Re: Terribly slow query with very good plan?

Les <nagylzs@xxxxxxxxx> · Fri, 4 Feb 2022 11:00:47 +0100

I really think now that the query plan is wrong (or "could be improved" so to say). As far as I understand, the "index only scan" is essentially a sequential scan on the index data. In this specific case, where the filter is a "begins with" condition on a field that is the starting (and only) column of an index, there is a much much better way to find out if there is a row or not: lookup the closest value in the index and see if it begins with the value. The operation of looking up the closest value in an index would be much more efficient.

> I don't understand how it is possible in the slow case  Rows Removed by Filter: 792025 (returns 0 row) and in the second case Rows Removed by Filter: 15 (returns 1 row).
Pavel, I think it is because the scan found a suitable row at the beginning of the scan and stopped the scan.
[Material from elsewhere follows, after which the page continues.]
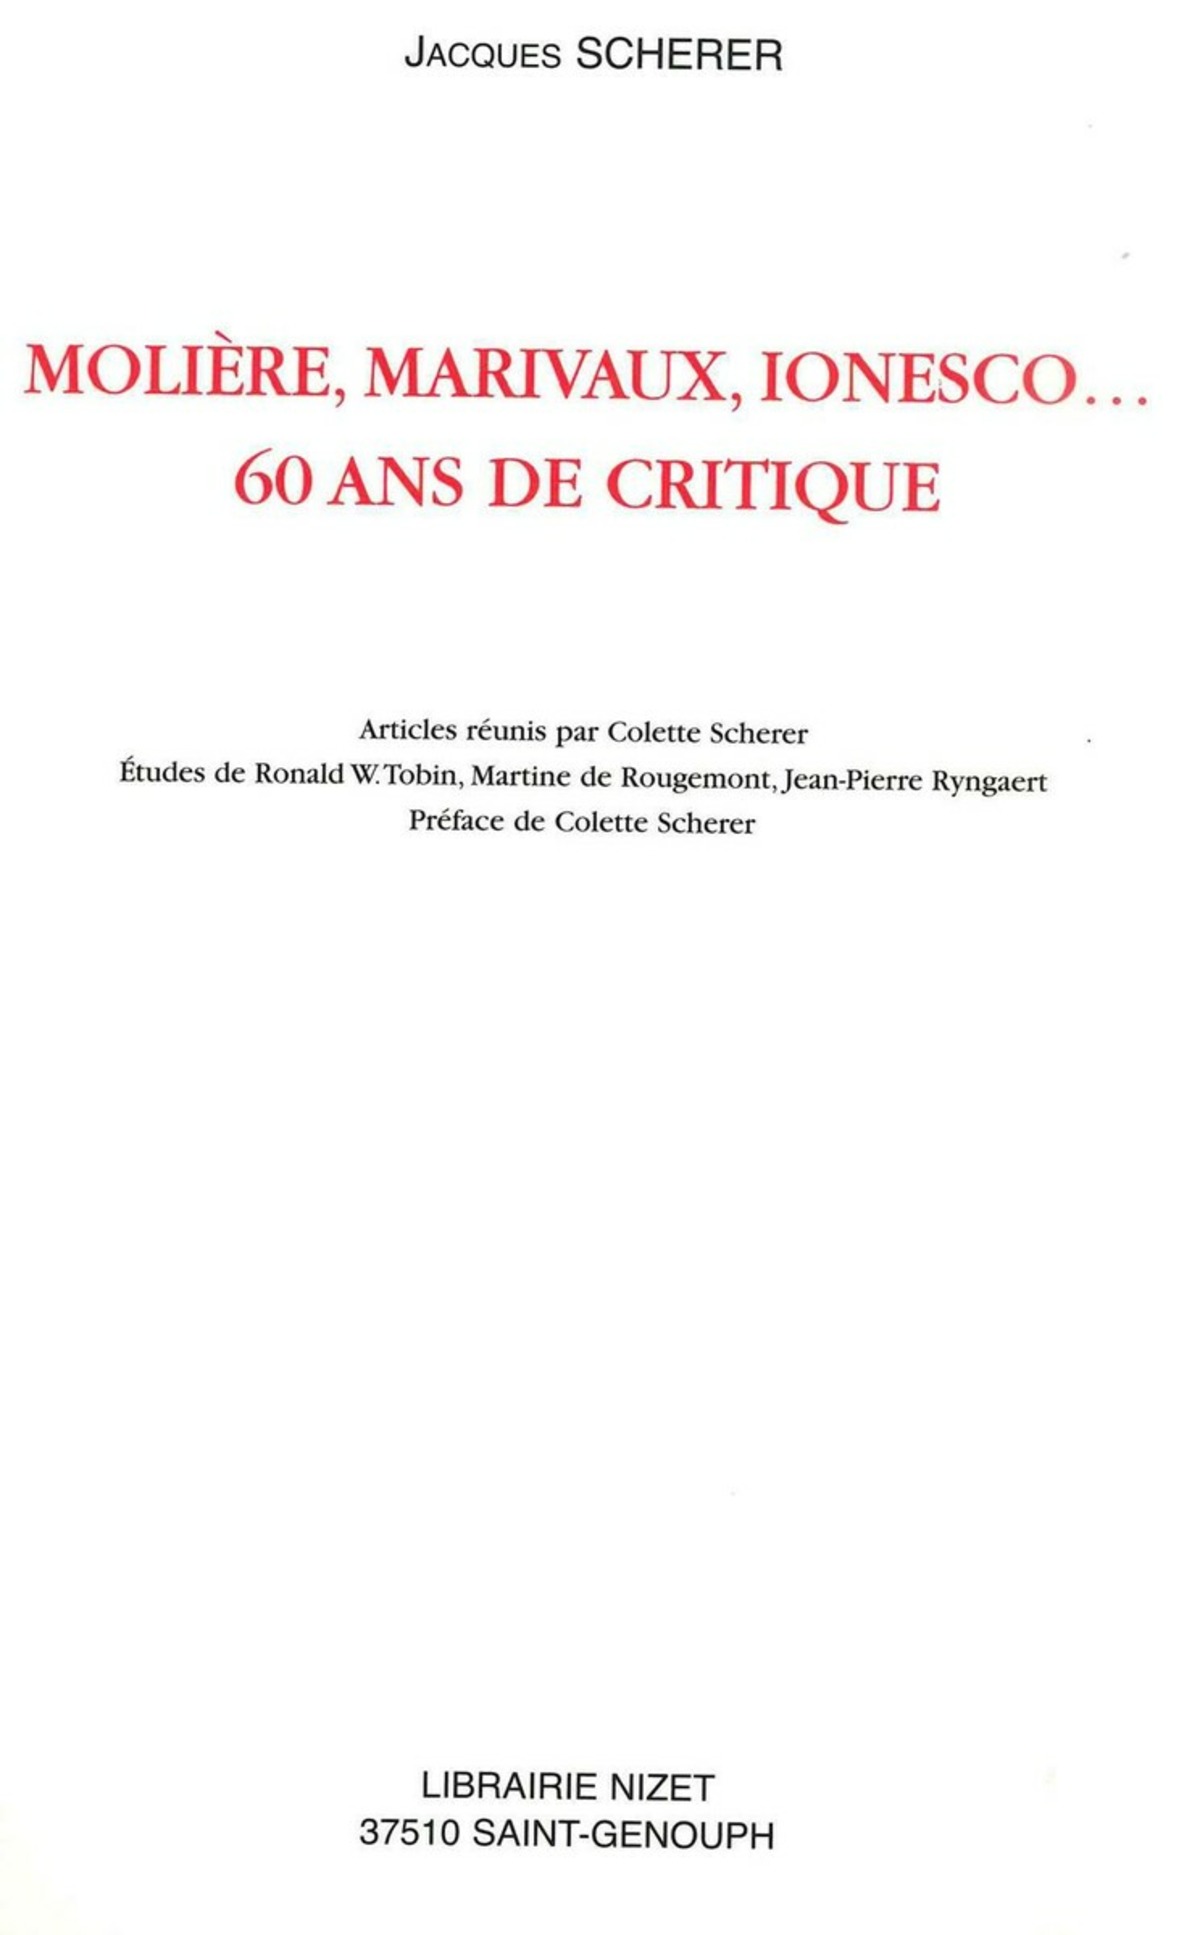 Molière, Marivaux, Ionesco…60 ans de critique

If you look at that plan you will see that it uses a seq scan. It was fast by accident. :-)

The plan of that single-row version was changed to a normal index scan, after I added the collation "C" index:

EXPLAIN (ANALYZE, COSTS, VERBOSE, BUFFERS)
select exists ( 
	select id from media.oo_file of2  where relpath like 'this does not exist%'
);
QUERY PLAN                                                                                                                           |
-------------------------------------------------------------------------------------------------------------------------------------+
Result  (cost=0.63..0.64 rows=1 width=1) (actual time=0.022..0.023 rows=1 loops=1)                                                   |
  Output: $0                                                                                                                         |
  Buffers: shared hit=4                                                                                                              |
  InitPlan 1 (returns $0)                                                                                                            |
    ->  Index Only Scan using test on media.oo_file of2  (cost=0.55..8.57 rows=108 width=0) (actual time=0.018..0.018 rows=0 loops=1)|
          Index Cond: ((of2.relpath >= 'this does not exist'::text) AND (of2.relpath < 'this does not exisu'::text))                 |
          Filter: (of2.relpath ~~ 'this does not exist%'::text)                                                                      |
          Heap Fetches: 0                                                                                                            |
          Buffers: shared hit=4                                                                                                      |
Planning Time: 0.530 ms                                                                                                              |
Execution Time: 0.055 ms                                                                                                             |

I would expect for the same originally slow query with the has_file column, but it does not happen. :-(